Brn-2/BRN2/POU3F2 O Plasmídeo de Ativação CRISPR (m) oferece uma abordagem direcionada e não destrutiva para regular positivamente a expressão endógena de Pou3f2 sem alterar a sequência de ADN subjacente.
Brn-2/BRN2/POU3F2 O Plasmídeo de Ativação CRISPR (m) é um sistema mediador de ativação sinérgica (SAM) de três plasmídeos, concebido para a regulação positiva transcricional altamente eficiente e específica do locus Pou3f2 em linhas celulares humanas. O sistema é construído em torno de uma Cas9 cataliticamente inativa (dCas9) portadora de duas mutações inativadoras (D10A e N863A) que eliminam a atividade nuclease, preservando simultaneamente a ligação ao ADN. Esta dCas9 é fundida com VP64, um potente ativador transcricional, e é coexpressa com um gene de resistência à blasticidina para seleção. O segundo plasmídeo codifica a proteína de fusão MS2-p65-HSF1, um complexo ativador secundário que atua em conjunto com o dCas9-VP64, juntamente com um gene de resistência à higromicina. O terceiro plasmídeo codifica um sgRNA de 20 nt específico para o alvo, fundido a dois aptâmeros de RNA MS2 que recrutam o complexo MS2-p65-HSF1 para o local de ativação, acompanhado por um gene de resistência à puromicina. Os três plasmídeos são administrados numa proporção de massa de 1:1:1 para uma expressão equilibrada de todos os componentes do sistema.

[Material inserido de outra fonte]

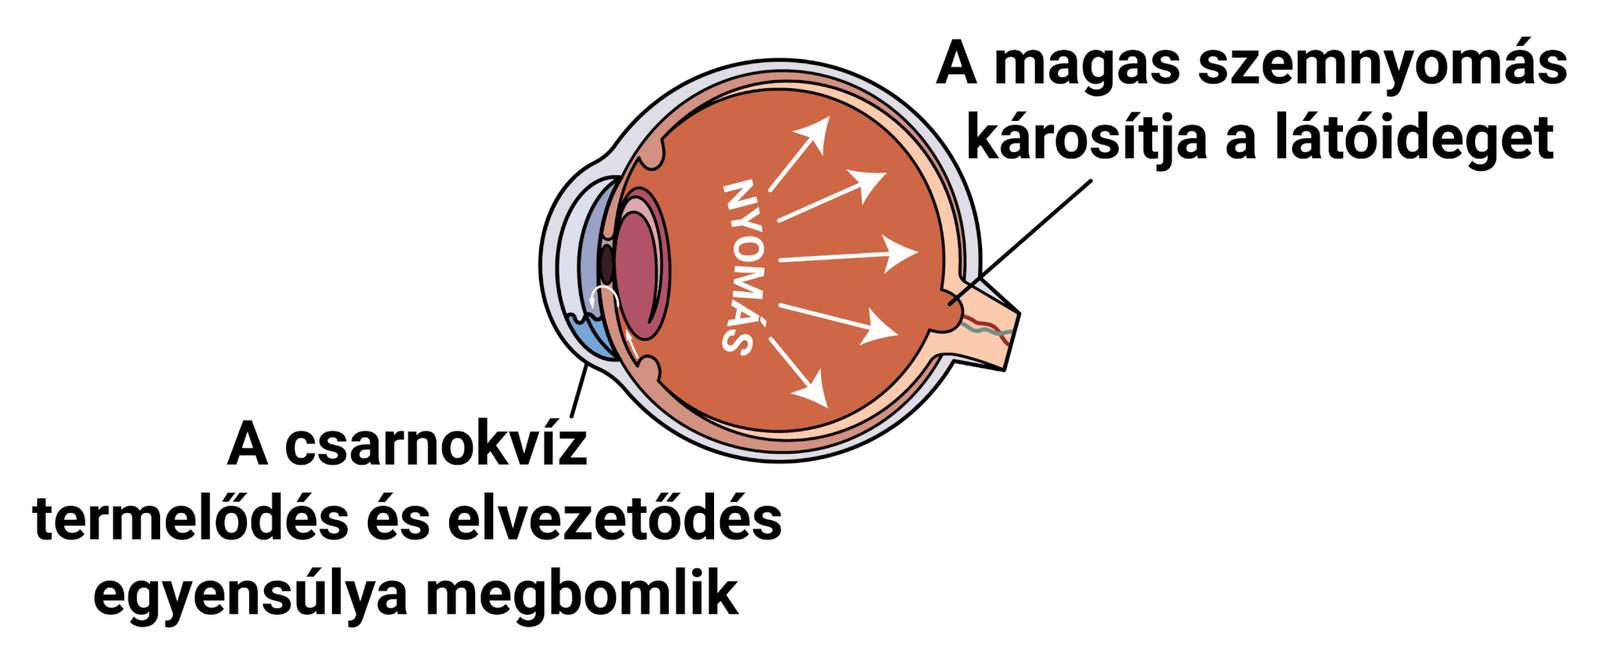 ha látás plusz műtét aki segített a látásgyakorlatokban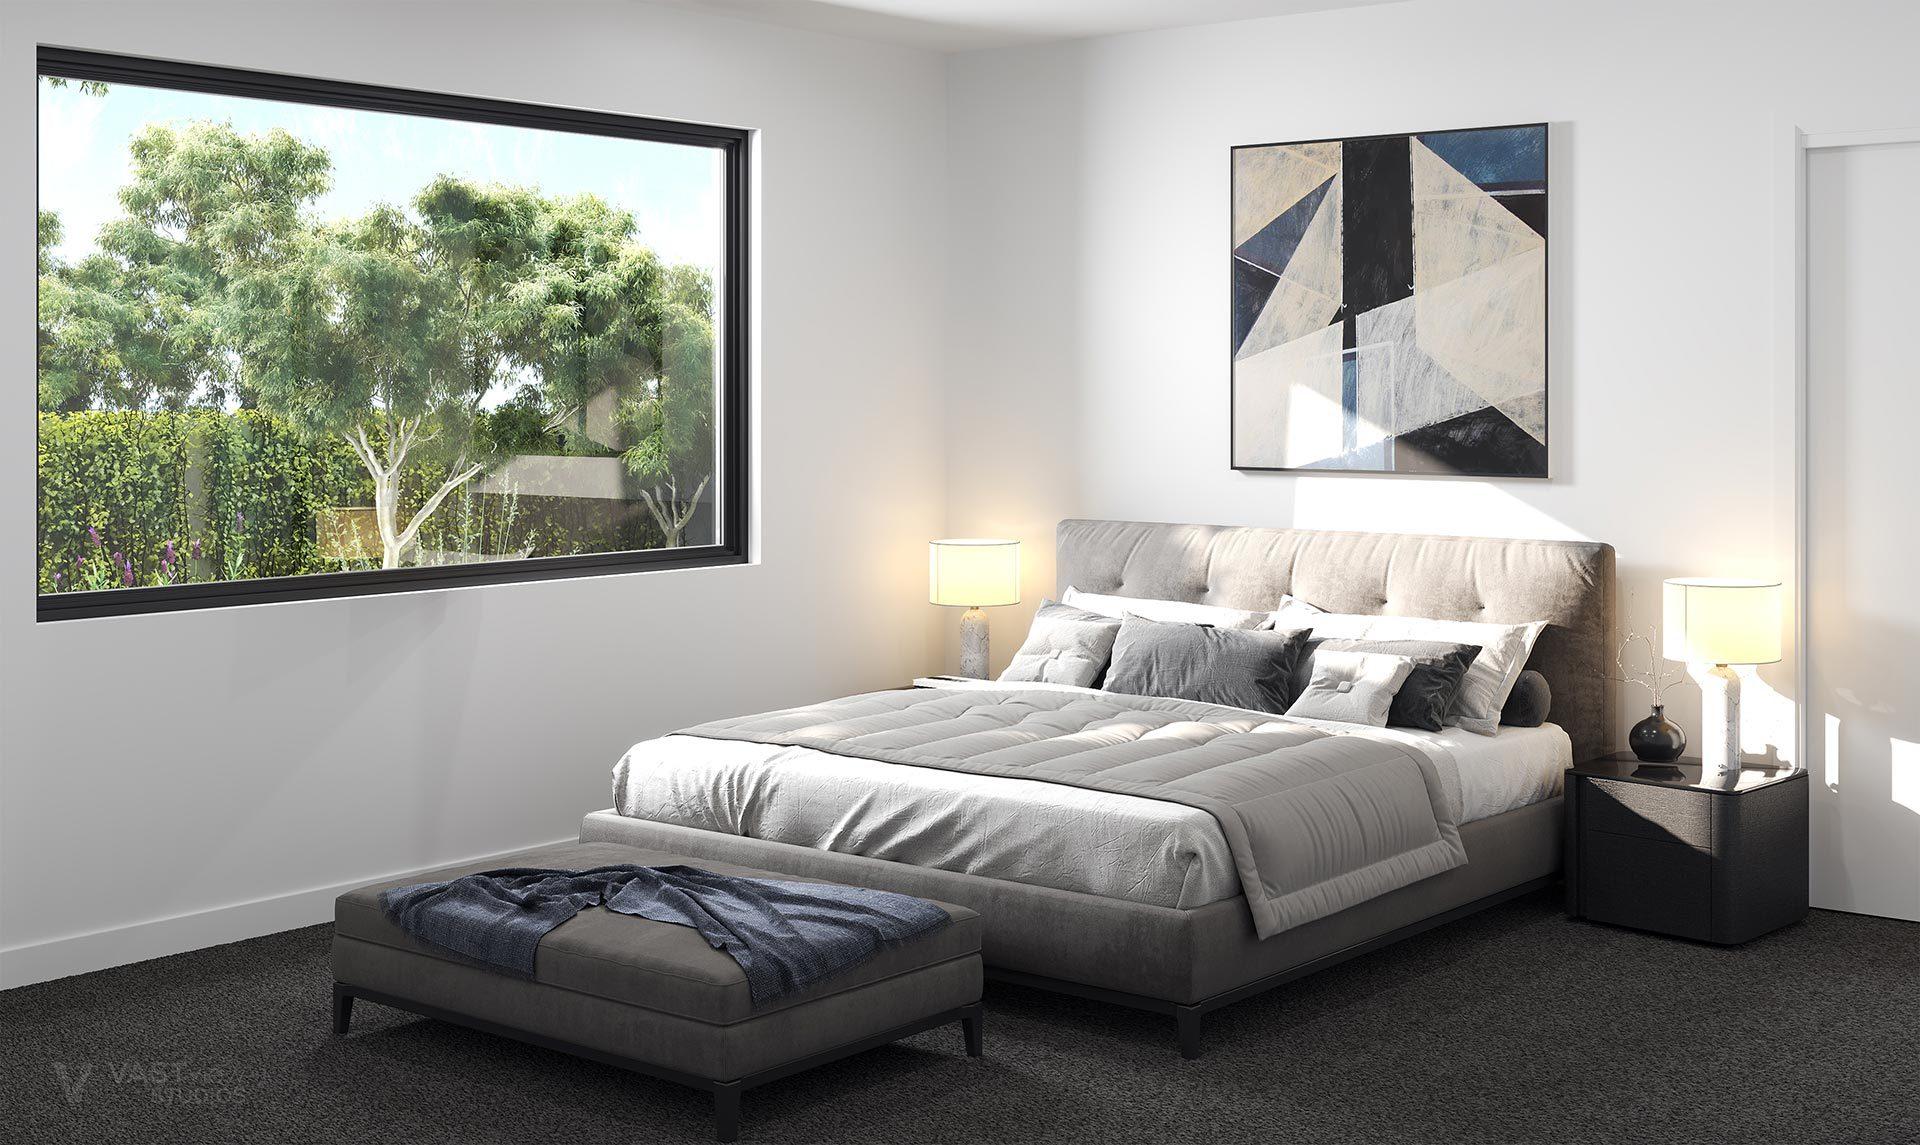 KennedySt_Bedroom_FinalRender_v1.0

Uma vez montado no locus alvo, o complexo SAM liga-se a cerca de 200 pb a montante do local de início da transcrição Pou3f2, onde VP64, p65 e HSF1 atuam em conjunto para recrutar a maquinaria transcricional e impulsionar a regulação positiva da expressão endógena de Brn-2/BRN2/POU3F2. Ao contrário da Cas9 com atividade nuclease, o dCas9 não introduz quebras de cadeia dupla nem modifica a sequência genómica, preservando o locus Pou3f2 nativo e permitindo o estudo de respostas transcricionais dependentes de Brn-2/BRN2/POU3F2 no locus endógeno, tornando-o uma ferramenta valiosa para estudos funcionais, identificação de genes-alvo e modelagem da restauração da via Brn-2/BRN2/POU3F2 em células tumorais com expressão de Pou3f2 silenciada ou reduzida.
Apenas para uso em investigação. Não se destina a uso diagnóstico ou terapêutico.